Still a one-party communist state
In spite of its opening and embracing of the market, Vietnam remains a one-party communist state. Hanoi’s human rights record came under fire from Human Rights Watch a few days before the President’s visit.

But even those with good reason to be wary are very upbeat. Vietnamese like Phu Than, who was fourteen in 1975 when he and his family escaped on one of the last helicopters out of war-ravaged Saigon. How he’s country manager for Intel, and he says coming back was a “no-brainer.”

“Sixty percent of the population were born after the war. They have no recollection of the war. They are young, very forward-looking and very tech-savvy.”

Sales of computers and mobile phones, and the use of the Internet are expanding rapidly here.
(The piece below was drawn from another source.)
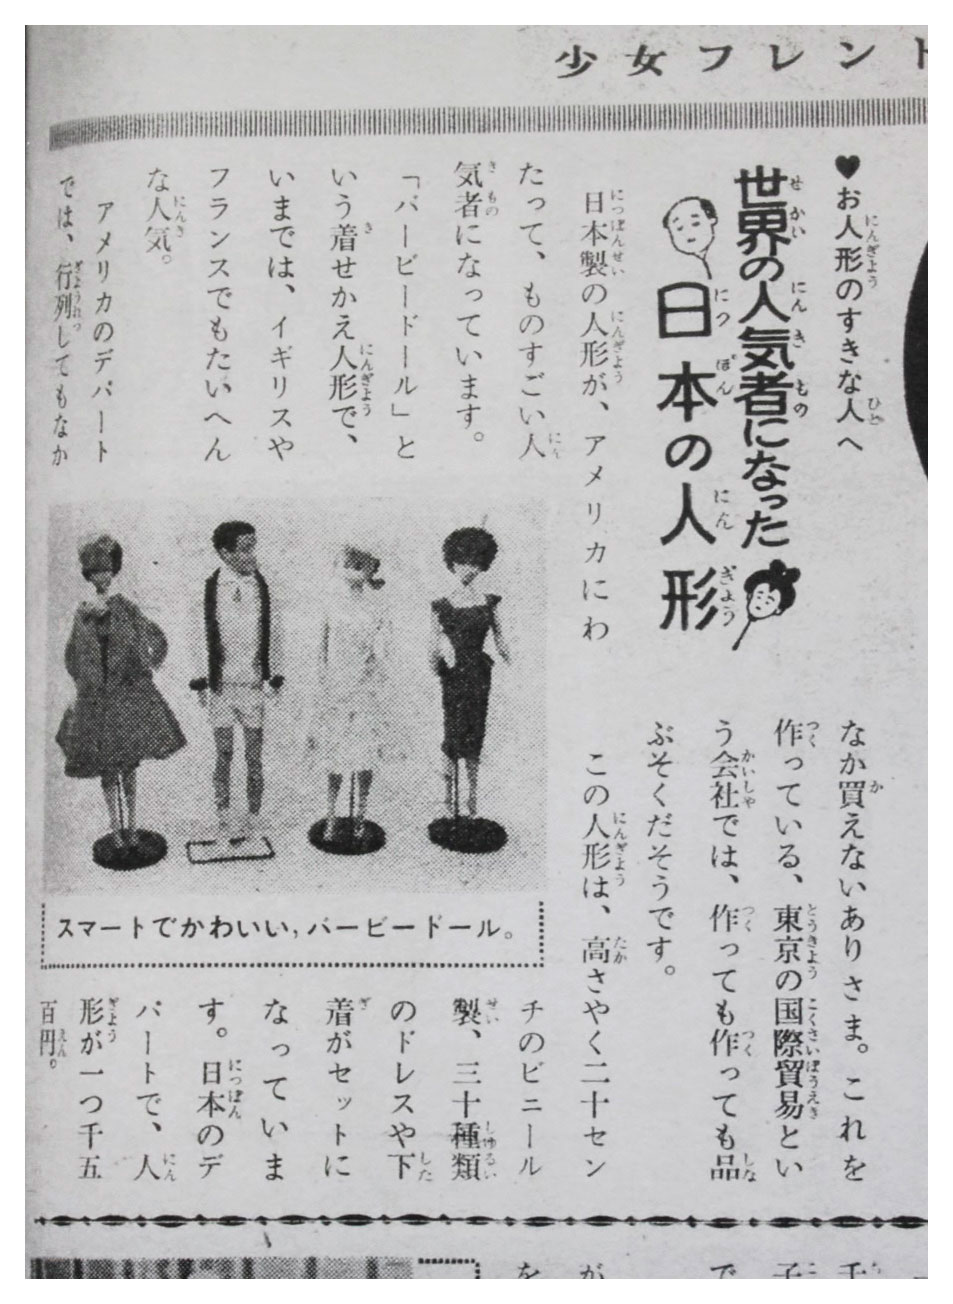 From 1964 Japanese Friend magazine (23 Feb)

“Societies change, relationships alter for the good,” said President Bush on his arrival in Vietnam. Even the most hawkish members of his administration probably recognize that in a world containing some pretty potent terrorist threats, hostility to Vietnam makes little sense, especially when the government here is so keen to reach out to Washington

Vietnam’s other attraction is that it is not China. Costs have been rising rapidly in China. By some measures labor costs are twice those in Vietnam. Many businesses are also wary of putting too many eggs in the Beijing basket. Friendship with Vietnam is also seen by many in the Bush administration as important in the growing rivalry between the U.S. and China for influence in the region.

Vietnam is seen as the next big thing, and there are a growing army of young consumers here ready to toast Asia’s newest tiger — with a cup of David Thai’s coffee.